Managing Single Host Failures in VMware vSphere

This section describes the possible scenarios of a single ESXi host failure and how VMware vSphere's DRS and HA features ensure automatic failover of coordinator hosts and segment hosts to other running ESXi hosts.

How DRS and HA protect a running Greenplum cluster

In a VMware Greenplum on vSphere deployment there is a one-to-one mapping between the Greenplum segments and the segment hosts that are hosting the segments. This means that each segment hosts is only hosting one instance of a Greenplum segment: primary or mirror.

Given the segment hosts host name, you can determine which segment is running in it, as well as what segment hosts are in a primary/mirror pair for a given content id.

For a Greenplum Cluster of 66 hosts deployment, 64 of them are segments named sdw1 to sdw64. There is also the coordinator, cdw, and a standby coordinator scdw.

Use the formula below to compute the content id for each segment. It uses the host name index from the segment hosts: for example, for sdw1 the index is 1.

content_id = floor((hostname_index - 1) / 2)

By applying the formula above, the segment hosts sdw1 and sdw2 map to content ID 0, while sdw3 and sdw4 map to content ID 1, and so on.

The index number lets you determine whether a segment host the primary or the mirror for that content: an odd index is created as a primary, and an even index is created as a mirror. Note that the roles may change when a failover happens (see Best Practices for more details).

During deployment, Terraform created DRS Anti-Affinity rules to ensure that two segment hosts with the same content id never run on the same ESXi host.

When an ESXi host hosting a primary segment host fails, Greenplum always fails over to its corresponding mirror that is safely running on another host.

In the section Setting Up VMware vSphere HA and DRS, you enabled VMware vSphere HA with the following options:

Host Failure Response/Failure Resource: Restart VMs
Admission Control/Host failures cluster tolerates: 1

As a result, VMware vSphere HA is configured to tolerate the failure of a single host. This configuration signals the VMware vSphere cluster to reserve the necessary resources, such as CPU and memory, in order to accommodate all the coordinator hosts and segment hosts that were running on the failed host. For example, for a VMware vSphere cluster with 4 hosts, 25% of resources are reserved.

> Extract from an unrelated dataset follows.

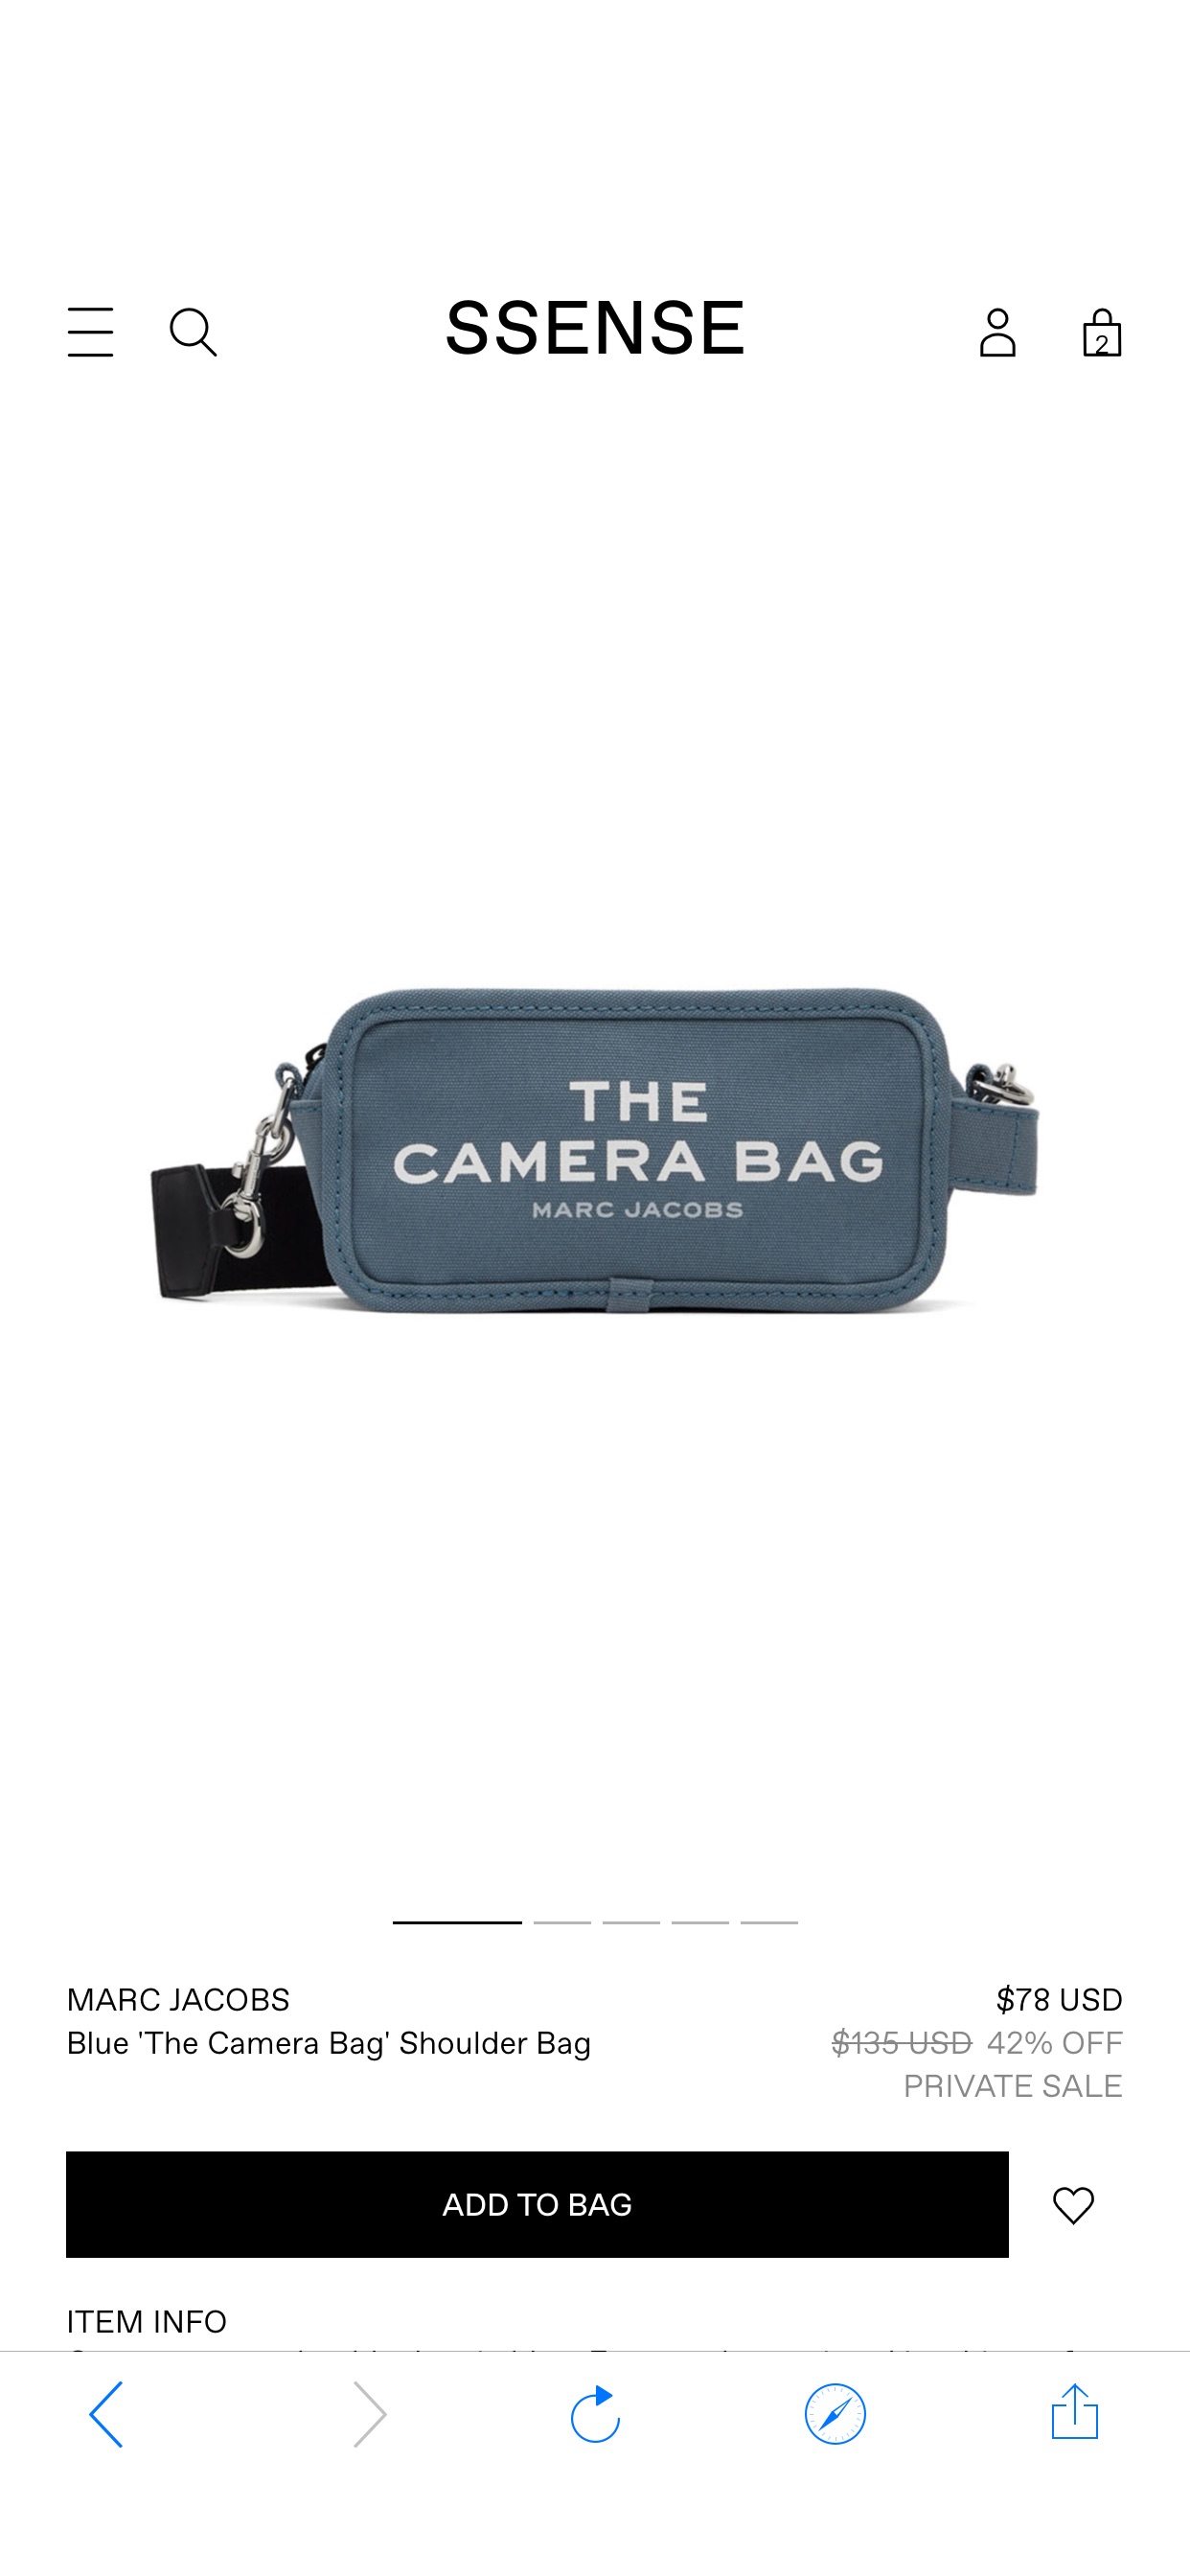 Blue 'The Camera Bag' Shoulder Bag by Marc Jacobs on Sale
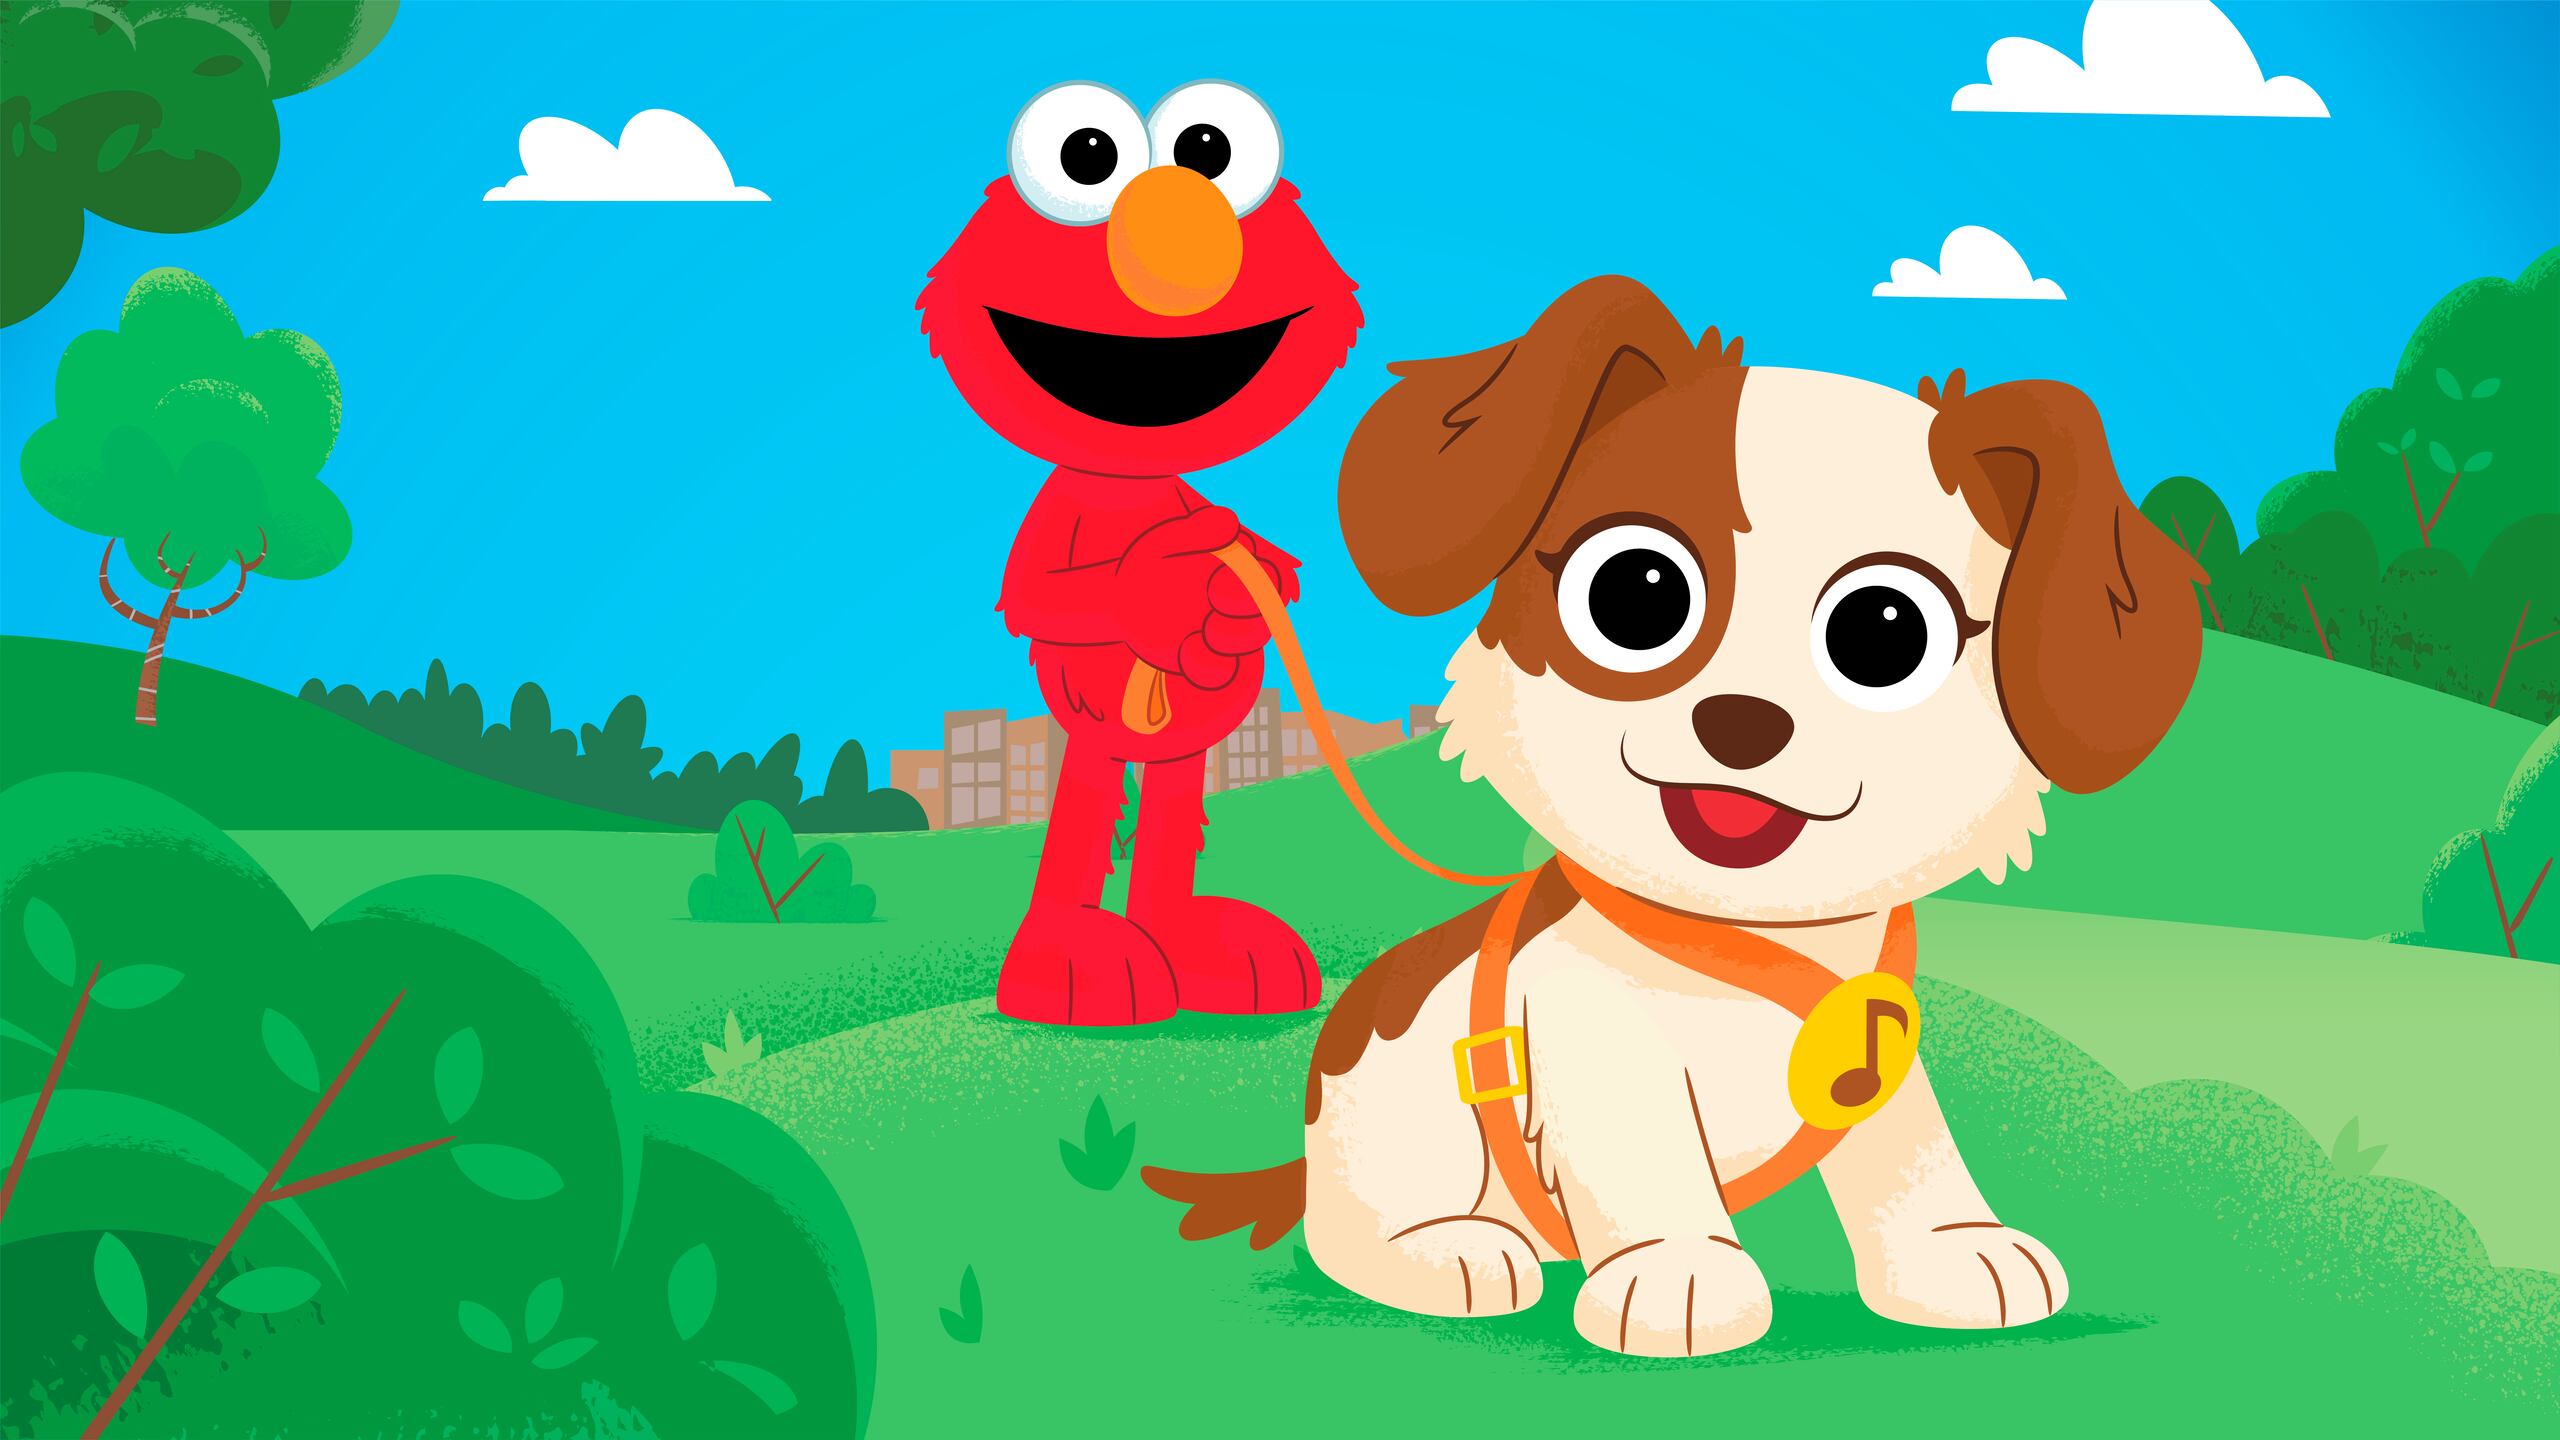 Tango debutará en el especial "Furry Friends Forever: Elmo Gets a Puppy", que se estrenará el HBO Max el 5 de agosto.

Single Host Failure Scenarios

When an ESXi host goes down, VMware vSphere HA will restart the coordinator hosts and segment hosts that were running on it on other ESXi hosts. There are 4 different scenarios:

Mirror Segment Failure
Primary Segment Failure
Standby Coordinator Failure
Coordinator Failure

Note that since multiple segment hosts run on the same ESXi host, you will encounter more than one of these scenarios during a single host outage. However, you will never experience standby coordinator and coordinator failure for the same host.

Mirror Segment Failure

In this scenario, you will not notice when a mirror segment goes down. It is still possible to perform database operations such as query a table, load data into a table, or create more tables. The detection of a mirror going down can take up to 2 minutes (see Grace Period for details).

However, Greenplum high availability is affected because the mirror cannot replicate the work of the primary.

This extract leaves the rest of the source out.